A new study outlines the potential economic, environmental, and public health benefits of increasing cycling mode share in London, which has pledged to achieve net-zero emissions by 2030.
According to a report from Transport for the Quality of Life, tripling bicycle mode share in London would "save lives, create jobs and result in an annual economic dividend of $6.5 billion," in addition to environmental benefits and traffic reduction, writes Carlton Reid.
A TfL analysis from 2016 suggested that 3.1 million daily car driver trips and 1.6 million car passenger trips in London could be switched to cycling or walking. More than half of these trips are less than 3 kilometers in length, and it is often far quicker to cycle than to drive in Central London where motoring speeds have barely increased since the days of the horse and cart.
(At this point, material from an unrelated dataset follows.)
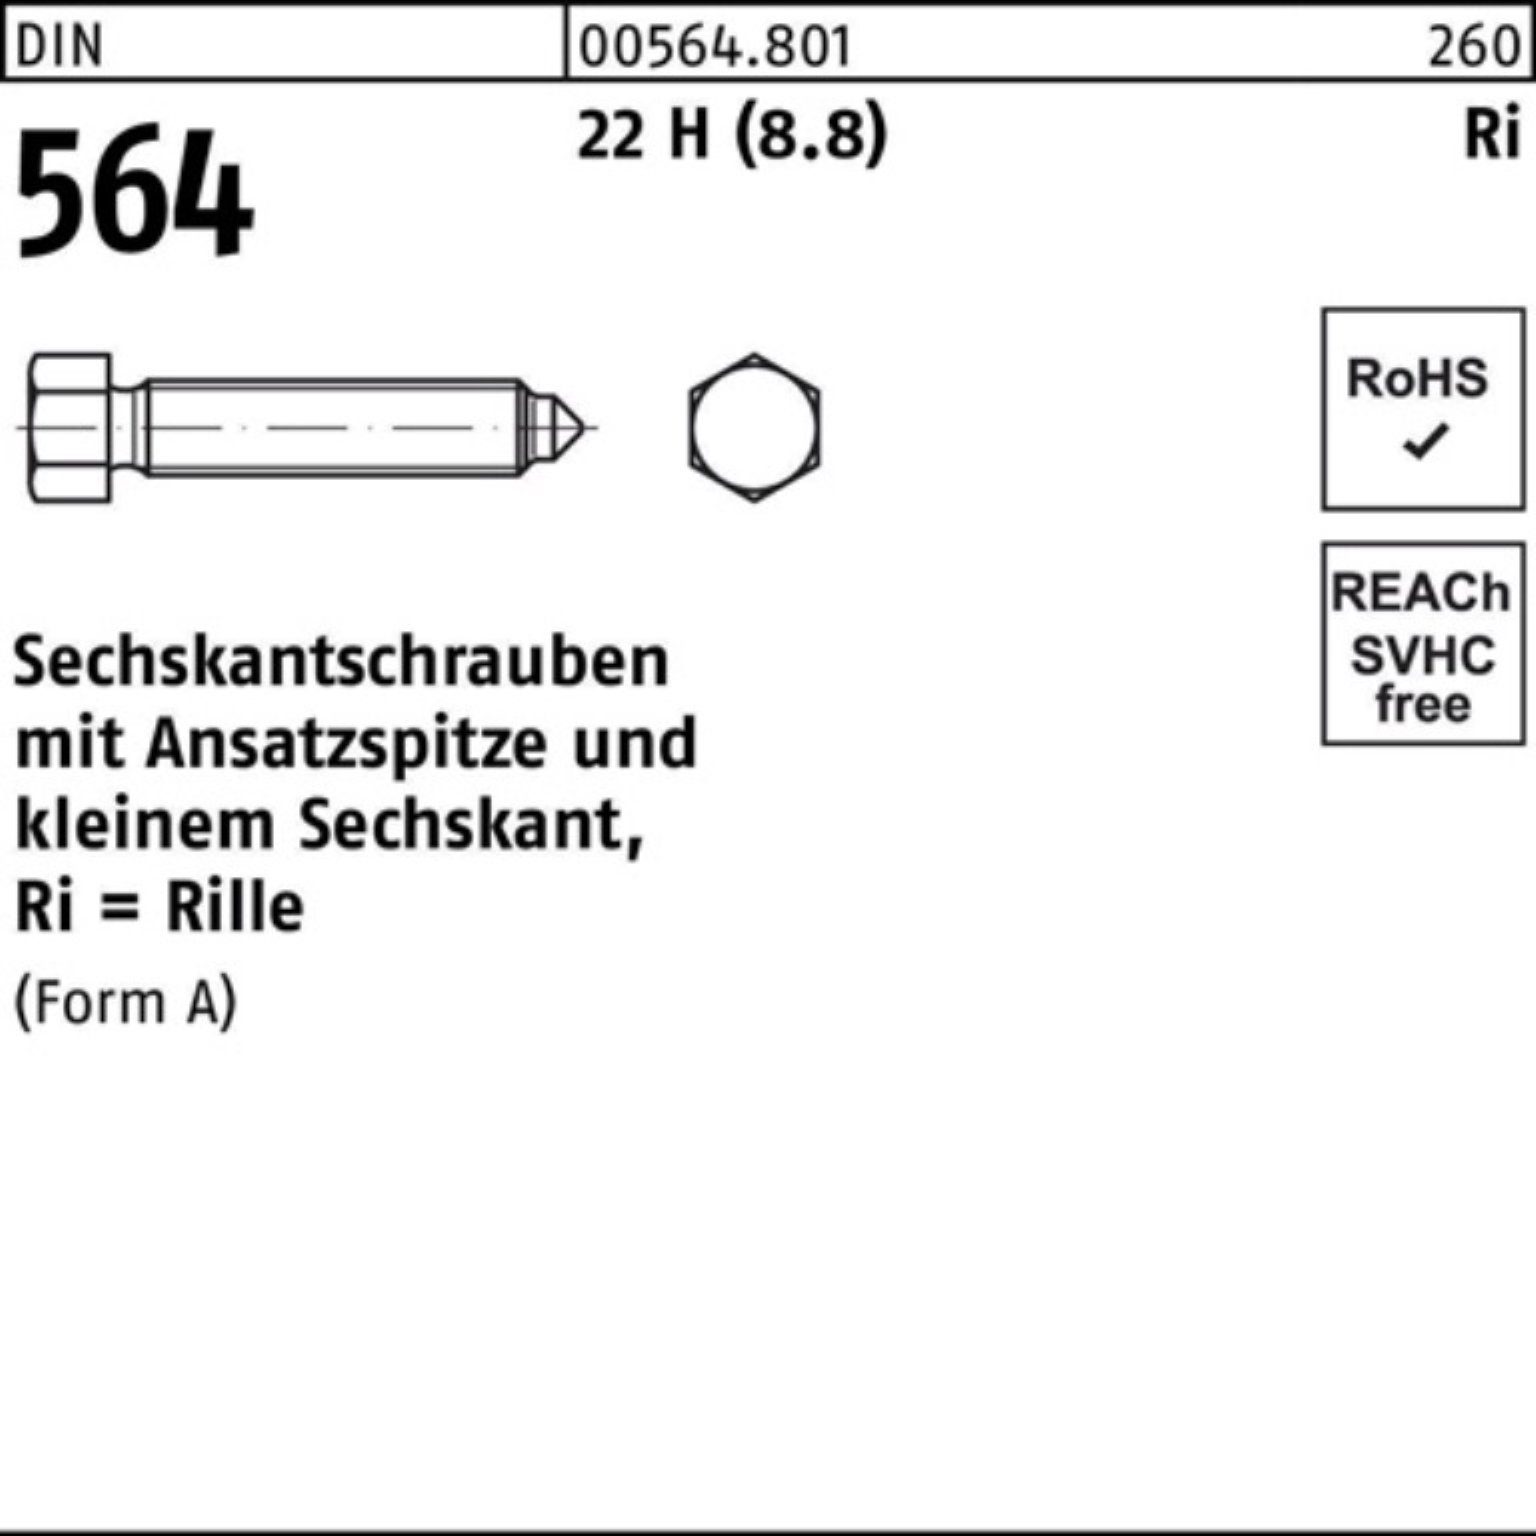 Reyher Sechskantschraube 100er Pack Sechskantschraube DIN 564 Ansatzspitze AM 8x 30 22 H (8.8)

The city has pledged to reach net-zero emissions by 2030, and boosting bicycling could help achieve that goal and create economic benefits. "Investment in cycleways was one of the best ways of creating jobs through infrastructure spend, more than any other infrastructure project aside from energy efficiency in buildings, reported the TUC’s 2020 study." But without additional funding, London's transportation system will have to make service cuts and end investment in active travel projects, says another report prepared for Transport for London's finance committee.
The report estimates that with robust government support and investment in infrastructure, cycling mode share could grow from 2 percent to 14 percent of trips by 2030.